Dzisiaj policjanci zatrzymali mężczyznę, który rano w Radomiu wszczął awanturę domową, a następnie podpalił oznakowany radiowóz, którym na interwencję przyjechali policjanci. Oprócz policyjnego furgonu, zniszczone zostały 3 inne pojazdy.

Przed godz. 6 policjanci przyjęli zgłoszenie o awanturze domowej od kobiety, która była w mieszkaniu z dwójką małych dzieci, a mąż miał zachowywać się agresywnie. Na ulicę 25 Czerwca w Radomiu skierowani zostali policjanci z Wydziału Patrolowo-Interwencyjnego.

W mieszkaniu zastali kobietę z dziećmi, która stwierdziła, ze mąż kilka minut wcześniej wyszedł. Kiedy policjanci wyszli przed blok, oznakowany radiowóz, którym przyjechali stał w płomieniach. Wezwano straż pożarną, która ugasiła pożar. Poza policyjnym furgonem, który spłonął doszczętnie, uszkodzone zostały 3 inne pojazdy zaparkowane obok.

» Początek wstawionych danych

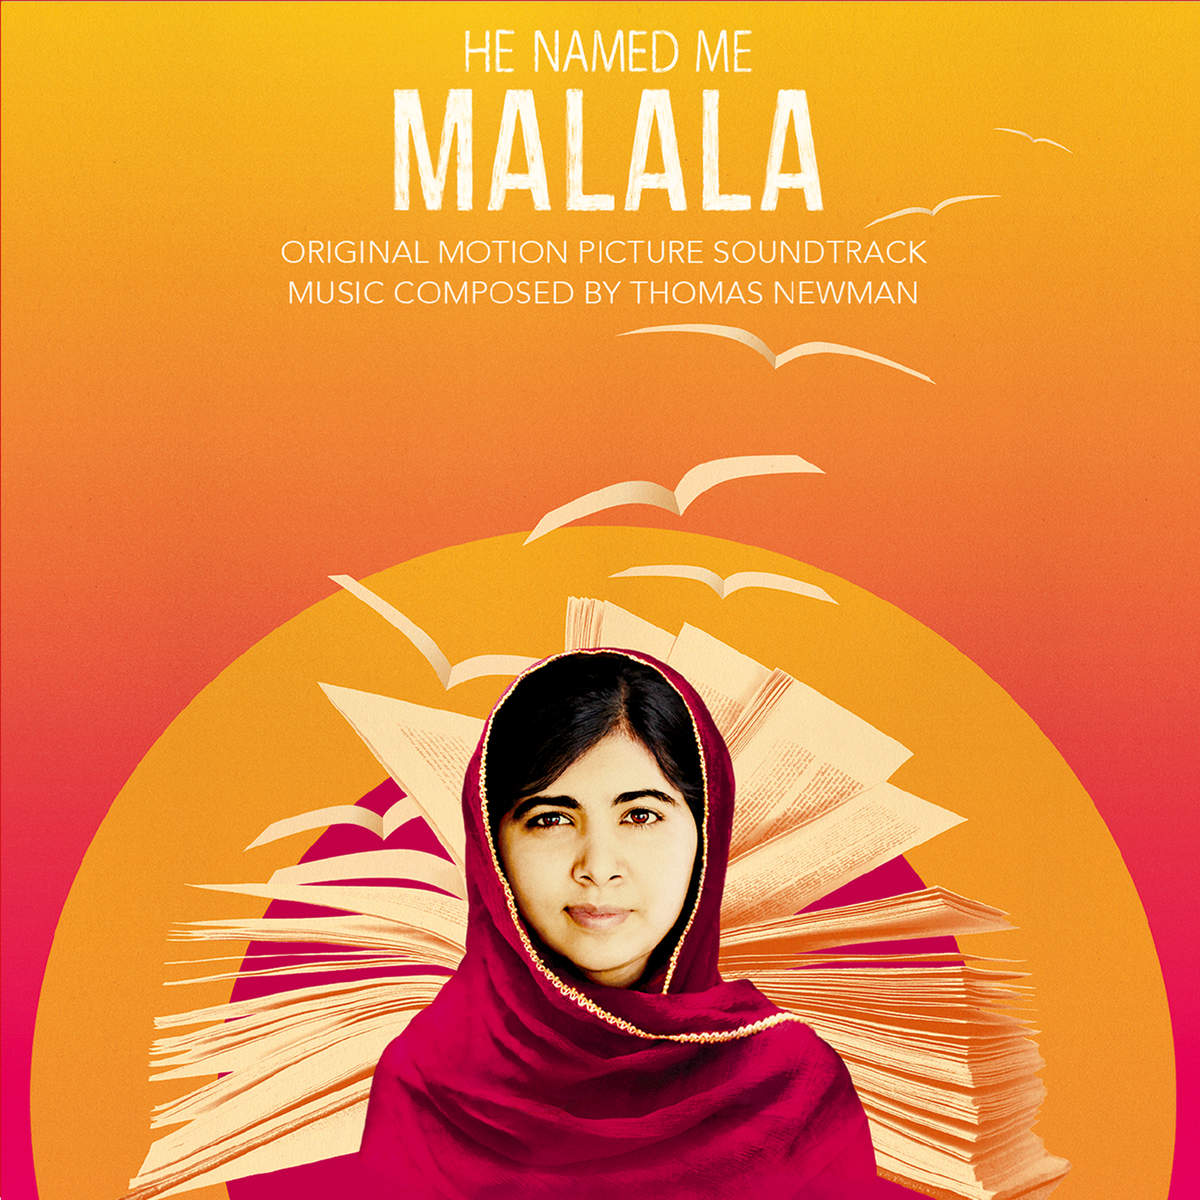 He Named Me Malala - 2015
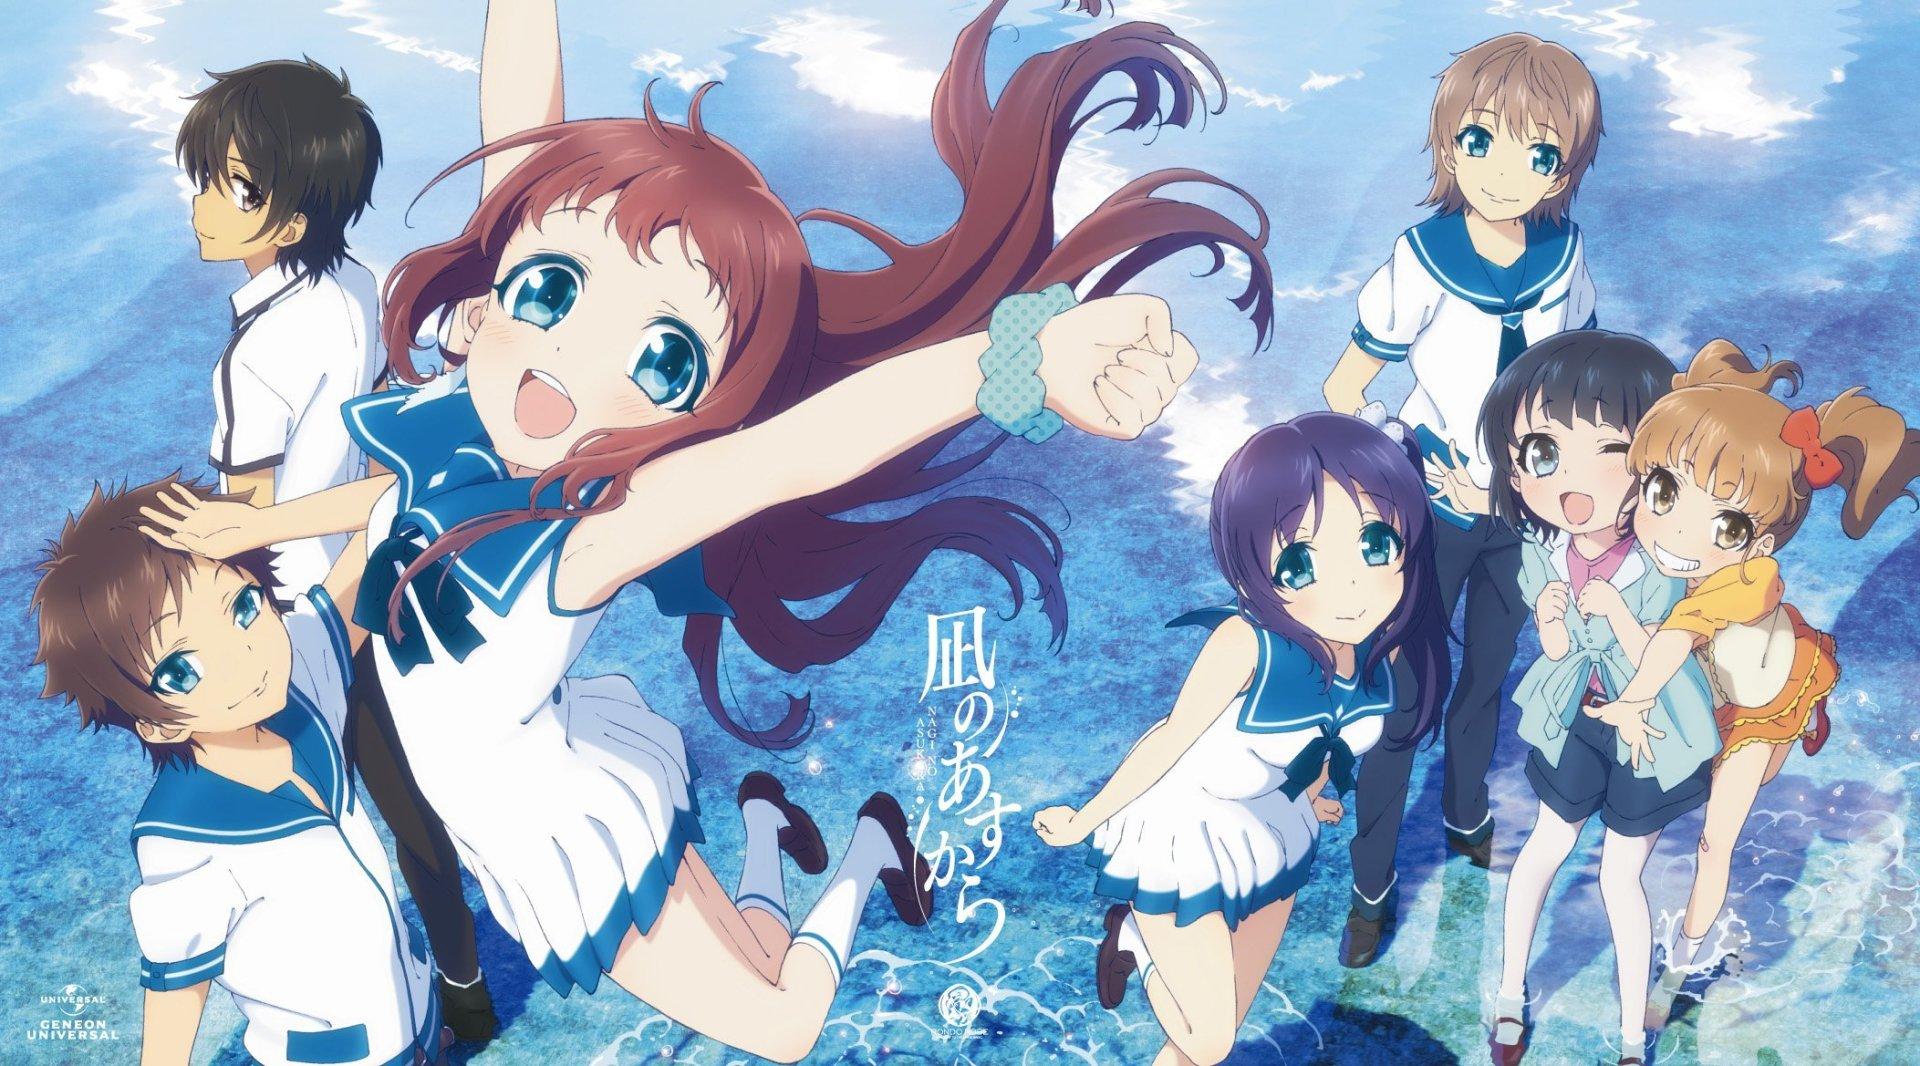 Review, Nagi-Asu, Nagi No Asukara, A Lull in the Sea, Anime, Merfolk, Merman, Mermaid, Little Mermaid, Love Between Merfolk and Human, Shoujo, Romance, Fantasy, Kawaii, Cute, Animation

Policjanci z komisariatów, komendy miejskiej i wojewódzkiej rozpoczęli poszukiwania sprawcy podpalenia, którym mógł być mąż zgłaszającej interwencję kobiety. Na miejsce skierowano przewodnika z psem służbowym, który doprowadził do jednego z bloków. Tam do działania przystąpili policjanci kryminalni i w jednym z mieszkań przed godz. 10  zatrzymali 38-latka.

Mężczyzna ukrył się w mieszkaniu znajomego, w chwili zatrzymania był pod po spożyciu alkoholu.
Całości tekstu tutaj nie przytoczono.